Дешевый серебряный медальон, купленный в Ковент-Гардене во время ее с Генри поездки в Лондон. Элизабет загляделась на него у какого-то прилавка. Заметив, что медальон ей нравится, Генри настоял, чтобы она приняла его в качестве подарка ко дню рождения.

- О медальоне я знаю, - нетерпеливо оборвал ее Куинн. - Ну а серьги?

- Серьги? - Она непонимающе взглянула на него. - Какие серьги?

Куинн вытащил из кармана куртки мягкий кошелек и, что-то вынув из него, протянул на ладони сережки в виде двух русалок, которые накануне вытащил у нее из ушей.

Столько произошло с тех пор, что она совсем забыла про них.

- Правда прелестные? - Он пристально вглядывался в ее лицо. - Необыкновенно тонкая работа.

- Пожалуй, - согласилась она, - но при чем тут Генри?

Будто не услышав вопроса, он заметил:

- Я не видел, чтобы ты их носила, когда мы только познакомились.

- Тогда у меня их не было.

- Или ты их прятала.

- Прятала? Зачем мне было их прятать?

- Чтобы я не узнал, что Генри подарил их тебе.

- Генри мне их не дарил.

- Ты отрицаешь это?

- Конечно!

- Тогда откуда они у тебя? Ты говорила, что твоя семья бедна, а таких украшений на базаре не купишь.

Она вспыхнула.

- Не твое дело, откуда они у меня! Отдай сейчас же.

- Нет уж. - Не обращая внимания на ее возмущенный протест, он положил их обратно в кошелек. - Мне надо кое-что проверить. Если Генри тебе их не дарил…

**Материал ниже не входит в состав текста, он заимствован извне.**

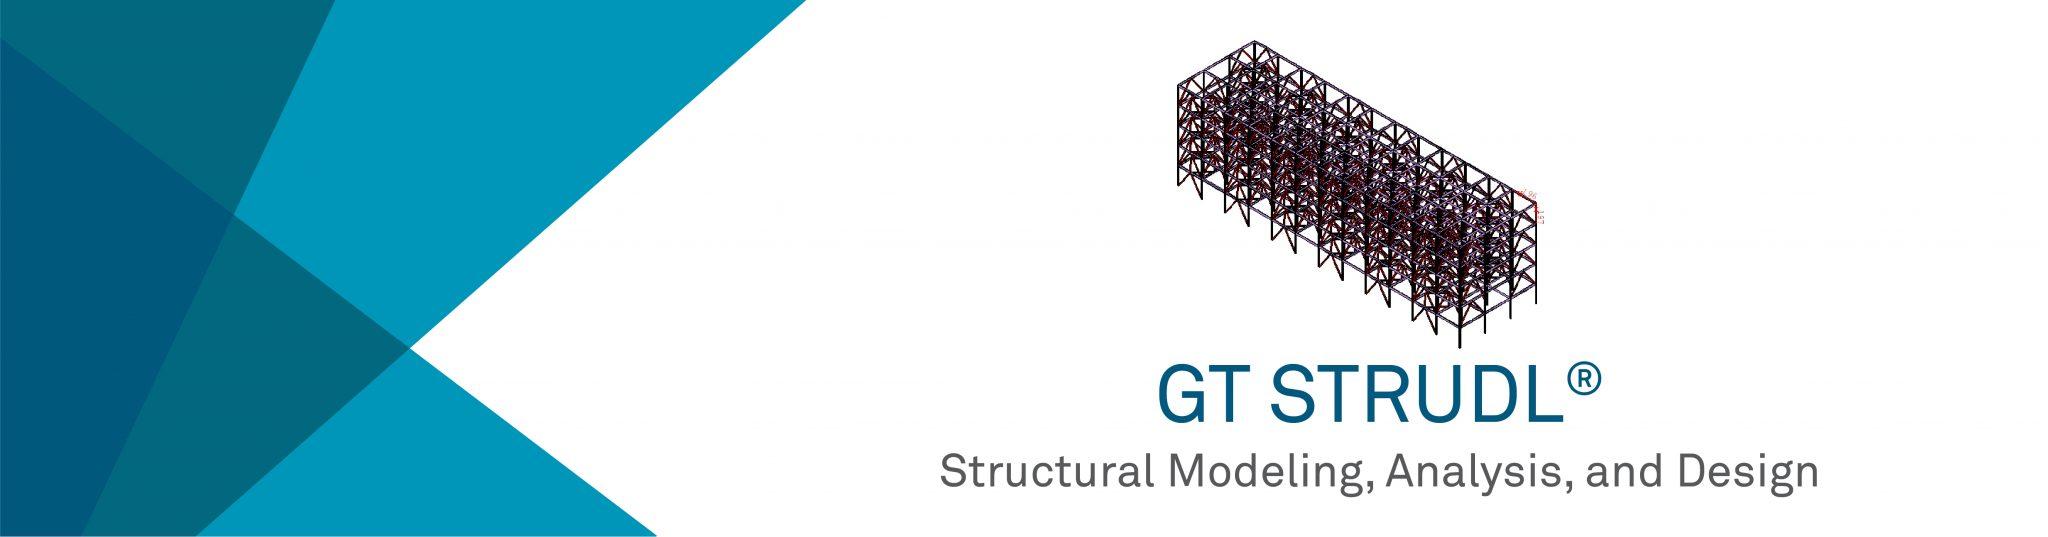 Structural Analysis & Design

- Нет, не дарил, - со злостью перебила она.

- …а сказать, откуда они, ты не хочешь… значит, ты взяла их сама.

Элизабет потрясенно уставилась на него.

- Взяла? То есть украла? Да как ты смеешь! - Возмущение душило ее.

- Если окажется, что я не прав, я извинюсь перед тобой, - ровно произнес он. - Хотя мне вряд ли придется извиняться - слишком хорошо я тебя знаю.

- Может быть, тебе и кажется, что ты хорошо меня знаешь, но я не воровка!

- То есть Генри тебе их все-таки подарил?

- Я же сказала, нет… - Терпеть все это больше не было никаких сил. Элизабет решительно поднялась. - Я иду спать. - И направилась к двери.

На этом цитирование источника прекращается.